Hi,

I'm looking for the best method to exclude nodes based on field settings.

A simple example is if the page is unpublished the node does not display in the site map.

What I need is something similar but instead of the page needing to be unpublished it need to use a field value.

For example an even. If the event end date hasn't passed then the node needs to be in the sitemap but, if the event date has passed then the node needs to be excluded from the sitemap.

The date is field in the custom content type for the node.

What would be the best method to achieve this?

Can it be configured with rules of some other extension module?

Or should I build a module to achieve this?

If a module, where should I hook in? with hook_query_xmlsitemap_generate_alter() ?

thanks

Comments

haggins’s picture

Today I implementend something similar: include only commerce_product displays of products, whose date fields meet a special condition.

I ended up in creating a custom module and excluding the appropriate node type from the sitemap.

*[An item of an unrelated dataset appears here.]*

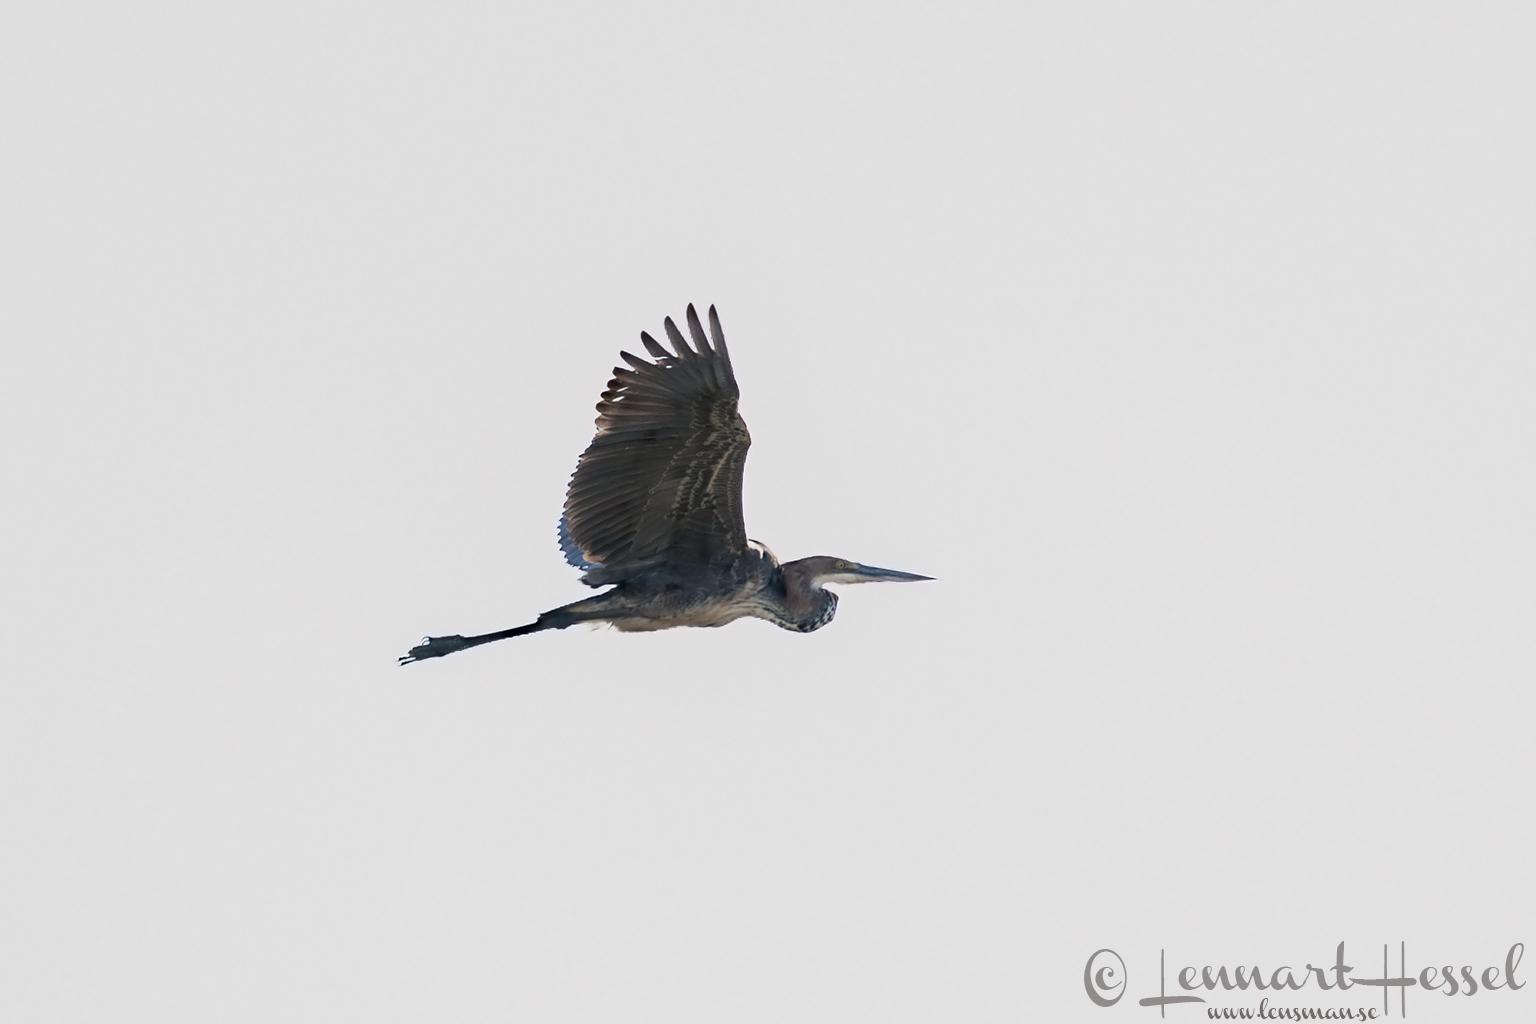 Purple Heron in Moremi Game Reserve, Botswana

So I was able to query nodes with conditions and adding them manually to {xmlsitemap} with:

function yourmodule_xmlsitemap_index_links($limit);
// Replace with your own query.
// @see xmlsitemap_node_xmlsitemap_index_links().
$nids = db_query_range("SELECT n.nids FROM {node} n ....", 0, $limit)->fetchCol();

$nodes = node_load_multiple($nids);
foreach ($nodes as $node) {
  $link = xmlsitemap_node_create_link($node);
  $link['status'] = 1;
  $link['status_override'] = 1;
  xmlsitemap_link_save($link);
}

Implement hook_cron() with 2 function callbacks:
First for finding new nodes that need to be indexed (see snippet above).
Second for removing nodes from index that don't meet the conditions anymore. Here's my example code for that:

/**
 * Remove links from {xmlsitemap} that should no longer be included.
 */
function yourmodule_purge_links() {
  if (!db_table_exists('xmlsitemap')) {
    return FALSE;
  }

  // Get user ignore list.
  $exceptions = variable_get('yourmodule_exceptions', '');
  $ignore = explode("\r\n", $exceptions);

  // Get events, which had their latest appointment more than a week in the past
  // or are unpublished or canceled.
  $date = new DateObject();
  $date->modify("-1 week");
  $max_date = date_format_date($date, 'custom', DATE_FORMAT_DATETIME);
  $nids = db_query("SELECT DISTINCT n.nid "
                  ."FROM {node} n "
                  ."LEFT JOIN {xmlsitemap} x ON x.type = 'node' AND n.nid = x.id "
                  ."INNER JOIN {field_data_event_ref} fder ON n.nid = fder.entity_id "
                  ."INNER JOIN {commerce_product} cp ON cp.product_id = fder.event_ref_product_id "
                  ."INNER JOIN {appointments} a ON a.product_id = cp.product_id "
                  ."INNER JOIN {users} u ON u.uid = cp.uid "
                  ."WHERE (x.id IS NOT NULL AND n.type = 'event_display') AND (cp.status = 0 OR a.date < :max_date OR a.canceled = 1 OR u.name IN (:ignore)) "
                  ."ORDER BY n.nid DESC", array(':max_date' => $max_date, ':ignore' => $ignore))->fetchCol();

  if (!empty($nids)) {
    // Don't use xmlsitemap_link_delete_multiple() because it doesn't allow to set
    // the conditional operator to our needs.
    variable_set('xmlsitemap_regenerate_needed', TRUE);

    $query = db_delete('xmlsitemap')
      ->condition('type', 'node')
      ->condition('id', $nids, 'IN')
      ->execute();
  }
}

Your hook_cron() will then look like this:

function yourmodule_cron() {
  yourmodule_xmlsitemap_index_links(xmlsitemap_var('batch_limit'));
  yourmodule_purge_links();
}

Be aware of the $limit as with this solution your module doesn't share it with xmlsitemap_node.module.

You also may react on node CRUD operations. Look at the xmlsitemap_node.module how this can be achieved (i.e. hook_node_insert() etc.).

I don't know if there's also another, cleaner method to achieve this. But it's working for my case and I hope it gives you an idea.